Тяжелая дверь-стена приоткрылась с липким шуршанием. В кожаной щели появилась испуганная голова референта.
— Почему вы пропускаете ко мне посторонних?! — крикнул Весенин.
— Я вышла… на минуточку… — жалобно произнесла референт, умоляюще глядя на Ипполита. — Может быть, уйдете, Ипполит Игоревич, вы ведь уволились.
— Я еще не был в отделе кадров, — жестко произнес Ипполит и сел в кресло.

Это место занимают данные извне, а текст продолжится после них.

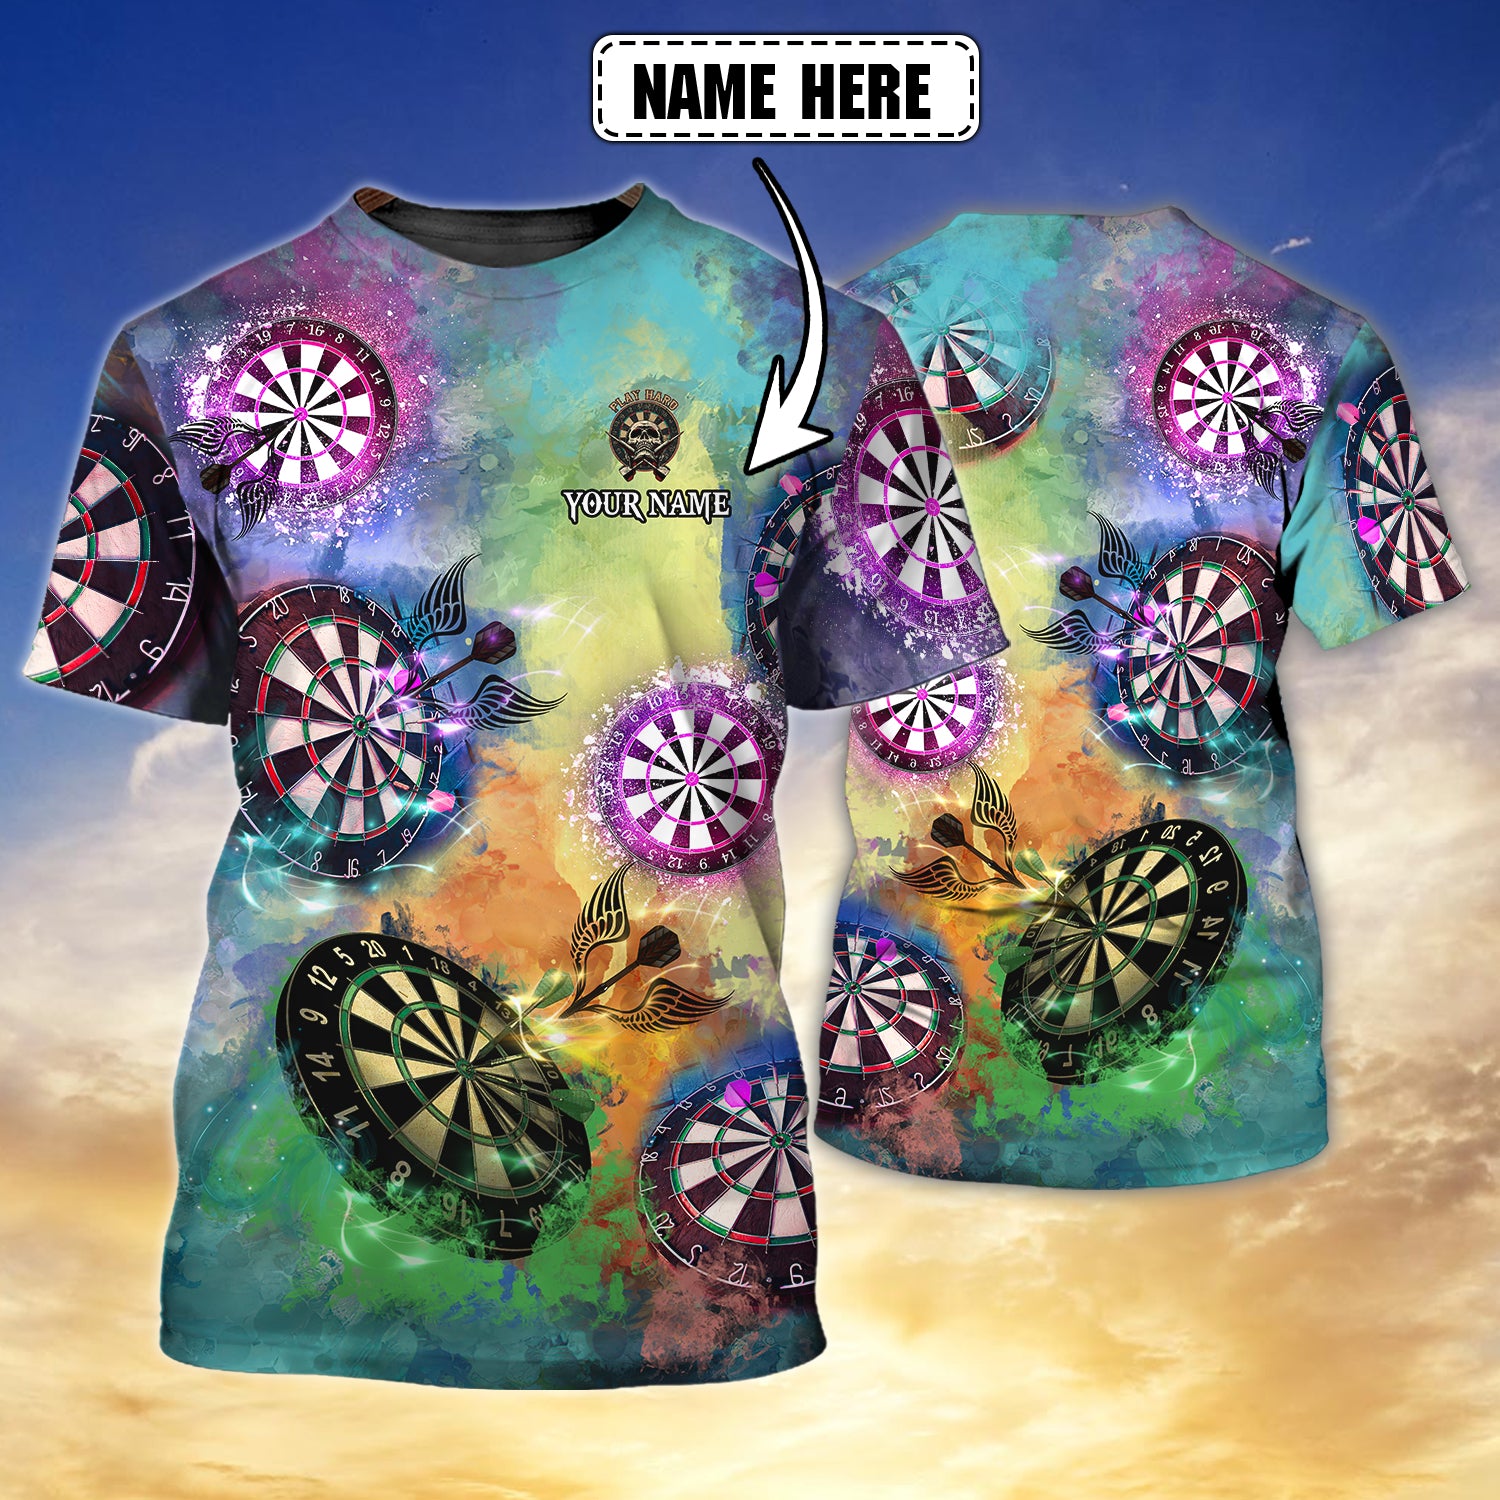 Darts2 - Personalized Name 3D T Shirt - Hdmt

— Идите, — бросил Весенин референту. Затем достал пенсне и посадил на толстый белый нос. — Так чем могу служить? — сдерживая голос, произнес Весенин, но пальцы его рук дрожали над глянцевой полировкой стола.
Мысли Ипполита спутались. Он попытался уложить их в стройный ряд. Но ничего не получалось…

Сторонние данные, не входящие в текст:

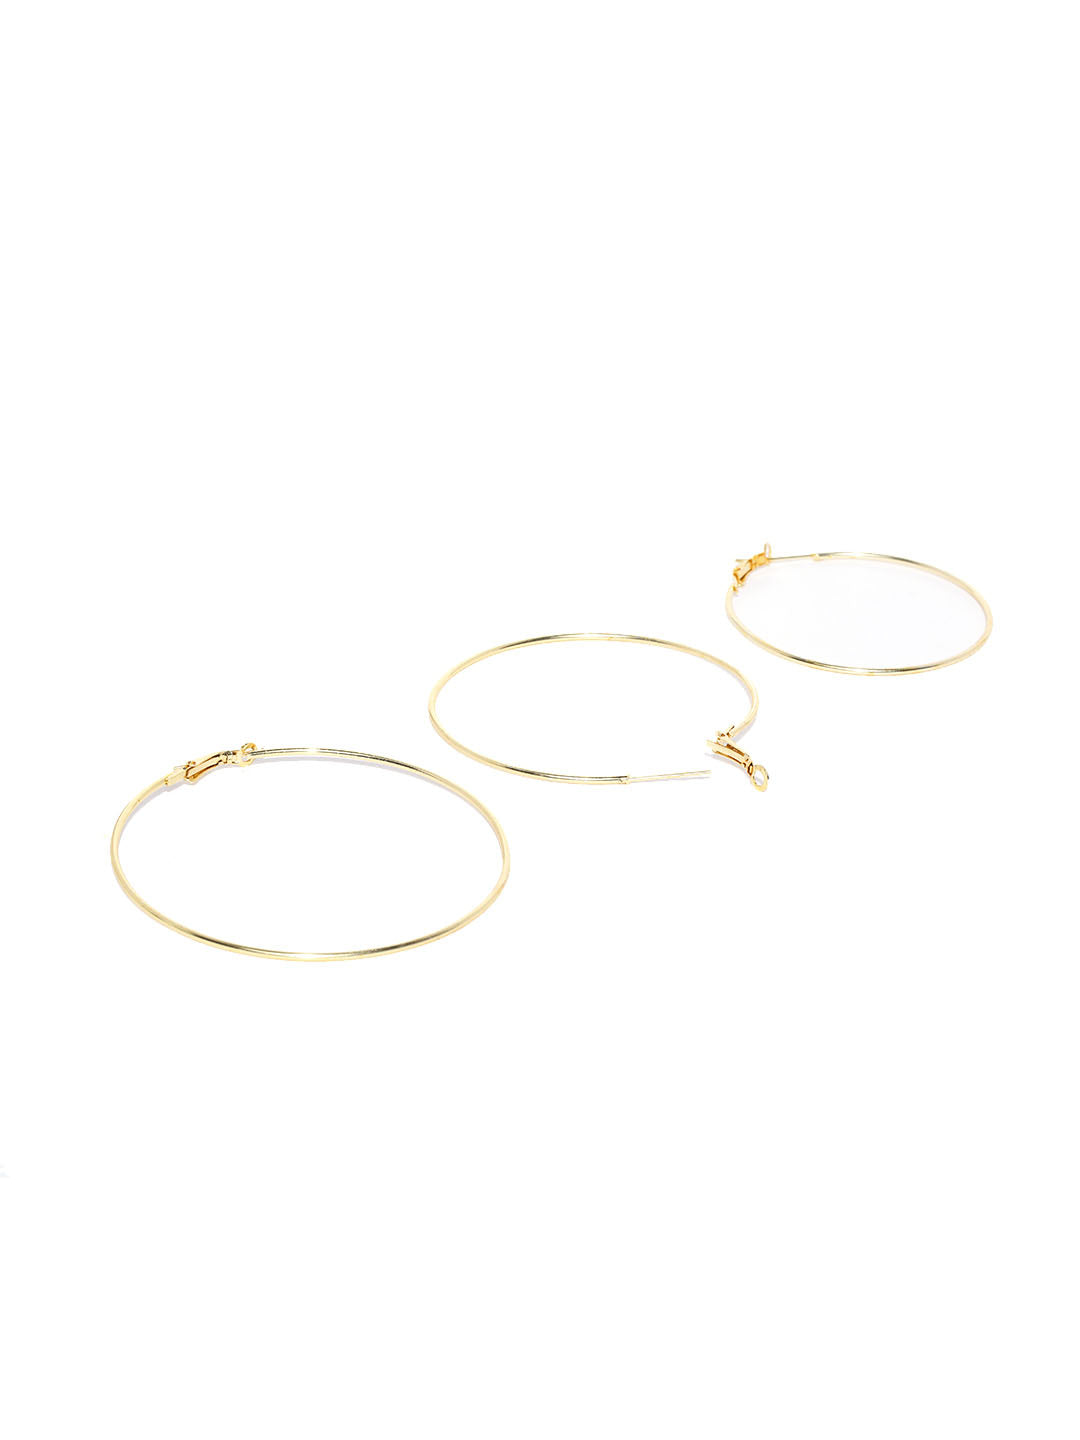 Designer Gold Plated Combo Of Three Pairs Hoop Earrings For Women And Girls

— Да, раньше я занимался проектом Киреева. И дело вовсе не в Ковалевском… Я даже не знаю — буду ли я работать у Ковалевского или в другом месте…
— Короче! — приказал Весенин.
Ипполит замолчал. Он чувствовал, что говорит не то. Какую-то ерунду. Лепет. А может быть, уйти? Он посмотрел на дверь.
— Говорите, Ипполит Игоревич, я слушаю вас, — спокойно произнес Весенин. И даже доброжелательно.
Ипполит удивленно взглянул на директора. Но анализировать было некогда.
— За время проектирования и внедрения проекта идея Киреева технически отстала. Если в прошлом этот инструмент можно было строить и мы этого добивались, то теперь заниматься им — пустое дело… Памятник на песке.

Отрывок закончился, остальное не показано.